February 15, 2018
Although they may look similar, not all microphones are created equal. Similar to choosing a particular guitar or amplifier, your choice in microphone is often a crucial factor in the overall sound. However, microphones are generally much simpler pieces of gear. Across all their different forms, their construction and function remain the same: to pick up sound in the air and convert it to an electrical signal.
A common question among musicians is whether an instrument mic can be used in place of a vocal mic, and vice versa. This question is similar to whether or not a particular guitar can be used for a certain genre; it’s all a matter of preference, and requires experimentation. Simply because you’re recording vocals doesn’t mean you need to use a vocal mic. Just like with any other audio equipment, it’s important that you use your ears to determine if your tools are right for the application.

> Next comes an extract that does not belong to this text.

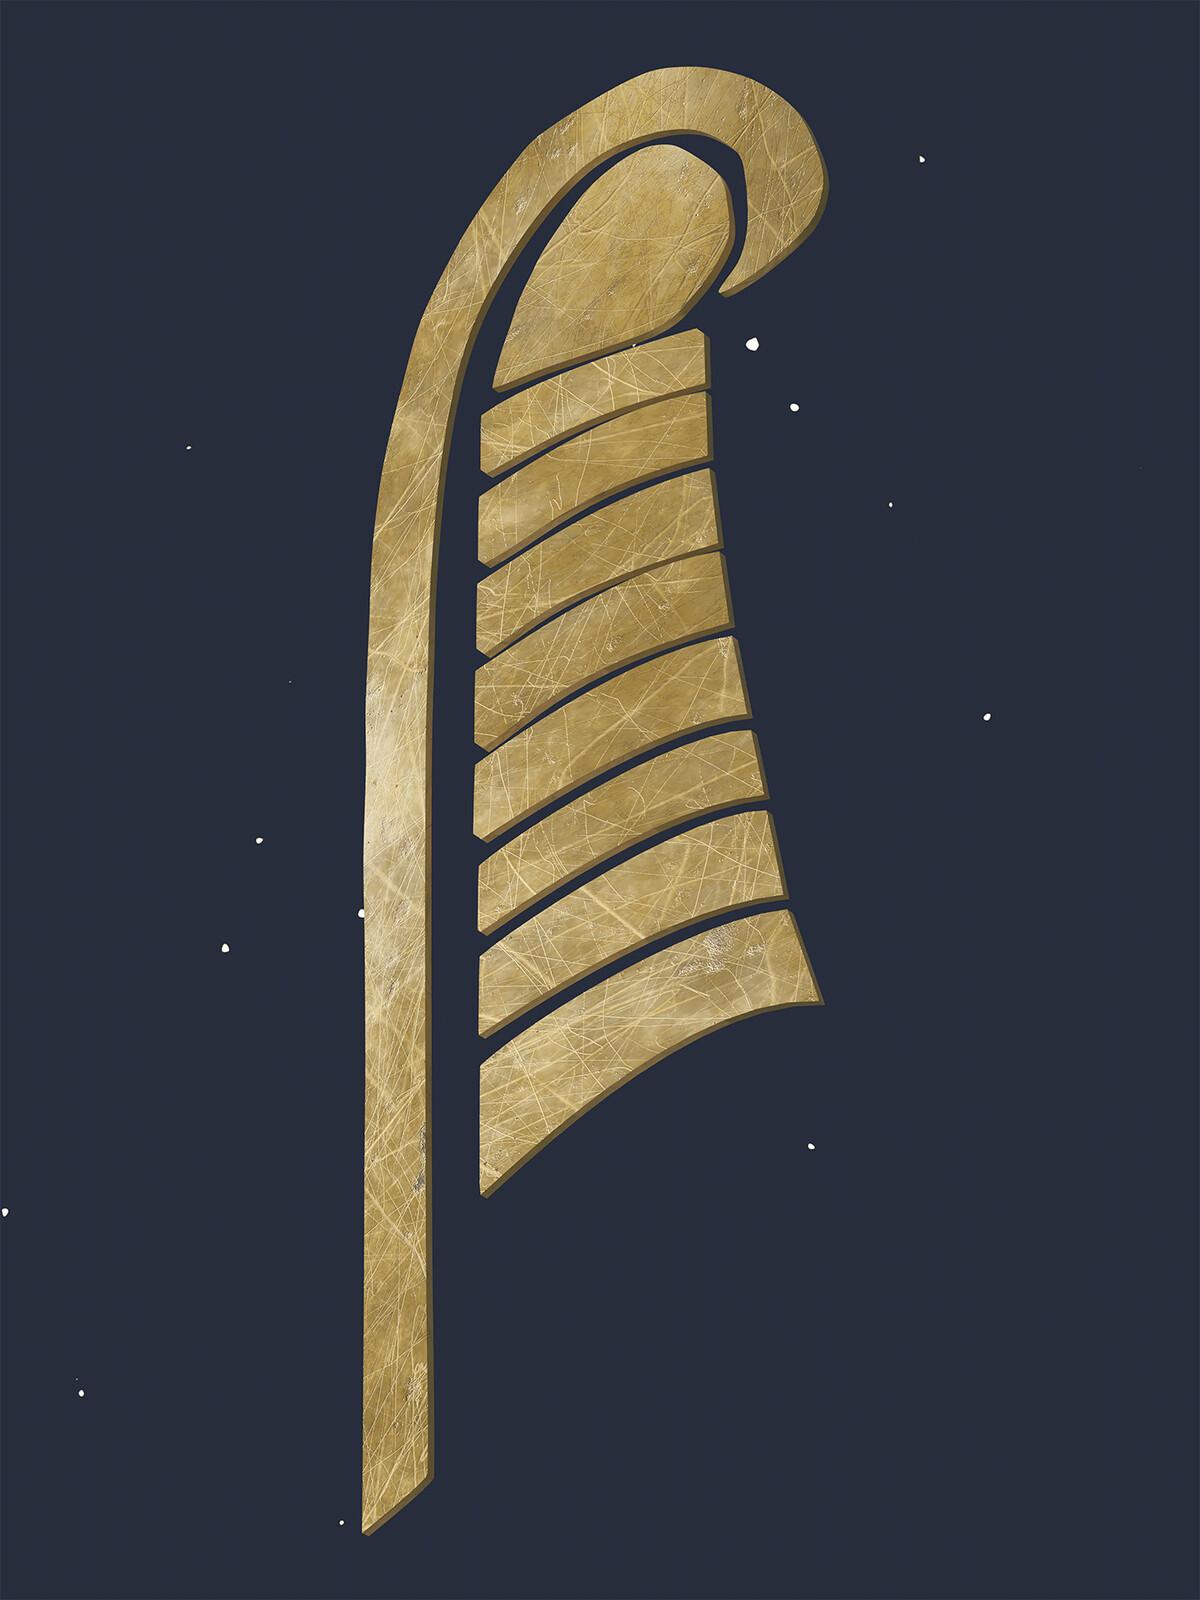 Blender: Feather

Here are a few simple things to look for to see if a particular microphone is the right fit:
1. Frequency range: microphones are engineered to emphasize certain frequencies. Vocal microphones, for instance, generally have more treble response for increased intelligibility and clarity, which can be quite important in vocal performances or public speeches when the performer needs to be heard clearly and distinctly.
Instrument mics tend to be used with a wider range of instruments, from kick drums to bass and guitar, so they often provide a wider frequency range. For example, an instrument mic’s frequency response is usually around 40Hz to 15kHz, which can accommodate the low E string of a bass guitar, which is 41Hz. This is not to say that a vocal microphone that has a range of 50Hz- 15kHz will not pick up a low E string at all; it will, but it’s not quite optimized in the way an instrument mic with proper specs would be. While there are no hard and fast rules, choosing a microphone with the proper frequency response can be extremely beneficial.
Carvin Audio’s M68 vocal microphone has a full frequency response of 50Hz to 15KHz, which allows it to faithfully capture the full range of the vocal spectrum.
2. Type/voice of instrument: Let’s say you want to mic up an electric guitar amp for a live show. Using a vocal mic that accentuates treble might not be the optimal choice, since an electric guitar naturally has a lot of mids and highs. While it isn’t necessarily a bad thing, using a microphone and instrument that are voiced for a lot of the same pronounced frequencies can make for too much of a good thing. Overemphasis in a particular frequency range can be a show stopper, and will require extra effort from the mixing board to remove. In instances like this, it helps to use the right tool from the get-go.
3. Physical construction: While we mentioned that the microphones are fairly simple devices, some come equipped with extra features that make them better suited for certain purposes. Some microphones, for instance, are shock-mounted to reduce handling noise, and others, like the M68, have a built-in spherical pop filter which make them great for eliminating certain breath sounds on vocals.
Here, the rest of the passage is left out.